Most people go wrong in two places:
- They have unrealistic expectations
- They’re looking for the secret edge
Now… don’t get me wrong. It’s good to have lofty goals and an edge can mean the difference between success and failure.
But think about the specific example of fitness.
Everyone and his brother gets in their head that they want to look like Arnold, be as strong as a powerlifter and be able to beat everyone at hula hooping or whatever the current fad sport is.
In reality, they’re never going to get that far. Nobody really looks like Arnold and unless you’re willing to go the real distance by injecting steroids, dedicating your life to fitness and dialling down all the other stuff, you’re not going to either.
So that’s where people go wrong.
The second place is that they think that to get an approximation, they need to compensate for the fact they’re not injecting steroids and dedicating their life to it. So you get guys eating chicken and broccoli six times a day and popping all kinds of over the counter supplements.
And in the end, they look nothing like their goal target.
In almost every case, they’d have been better off just picking an exercise regime, getting a slightly clean diet, revising their expectations to a healthy yet attractive shape, and getting on with life.
Keep it simple, make it easy to win.
Back To Business
I saw another forum thread about getting clients, and it’s one of those things that people ask me about quite regularly.
And I struggled for years getting clients, so I understand.
You’re making it too difficult for yourself.
If you are on this site, you know it’s all about copywriting. We’re selling with words.

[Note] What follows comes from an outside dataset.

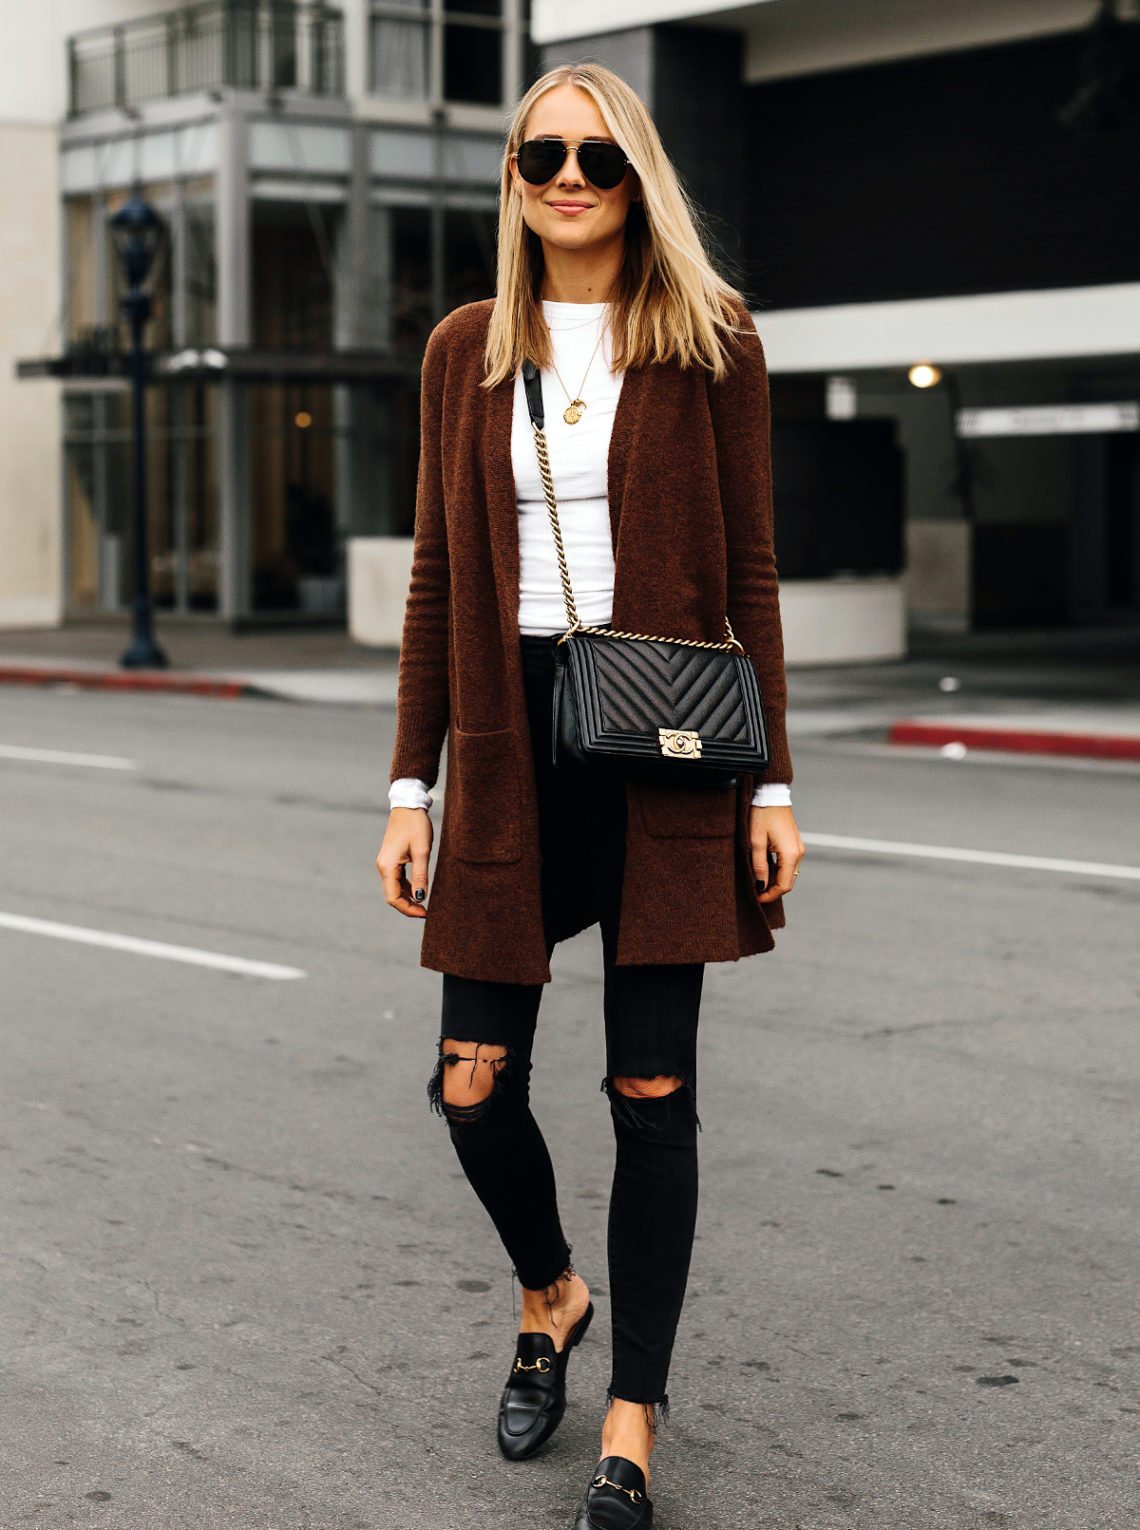 Blonde Woman Wearing Madewell Brown Long Cardigan White Top Madewell Black Ripped Skinny Jeans Gucci Black Princetown Loafer Mules Chanel Black Boy Bag Fashion Jackson San Diego Fashion Blogger Street Style

So it stands to reason that if you’ve read the archives, you know how to sell yourself and what to sell yourself.
So don’t make it any more difficult than it has to be.
Find someone who wants what you’re selling and sell it to them.
If you can’t do that, then you need to learn the fundamentals more fully.
So in the forum thread I saw today, it devolved into complexities really quickly.
This shouldn’t be the way.
If you have something that people really want and you can offer it to them, what more is there to do?
People were talking about getting the right mix of personal brand authority and talking about the customer and all sorts of other weird stuff…
Too difficult.
You should be writing simple emails to people.
“Hi. I’m Bill. I looked at your business and thought you could do with my services. Here’s what I offer. Last time I worked with someone I had this result. My expectations for working with you would be higher. If you’d like to know more, contact me.”
It doesn’t need to be more complicated than that.
If it is more complicated than that, then you’ve got something wrong:
- You aren’t selling as you need to be
- You have picked the wrong customer
- The service you’re offering is wrong
Luckily, those three things are easily corrected.
Final Thoughts
People don’t talk about angles nearly enough, and when they do, they think they’re some magical thing that’ll allow you to slip by a person and break all the rules.
You’re not looking for an angle, you’re looking for a magic power.
An angle isn’t magical. It’s taking the above equation and changing one of the elements (skill, customer, service) and providing something completely new.
The act of selling is still the same, and it’s still simple.
Find someone that wants something, find a way to give it to them, convince them that your solution will fix their problem.
Don’t make it harder than it has to be.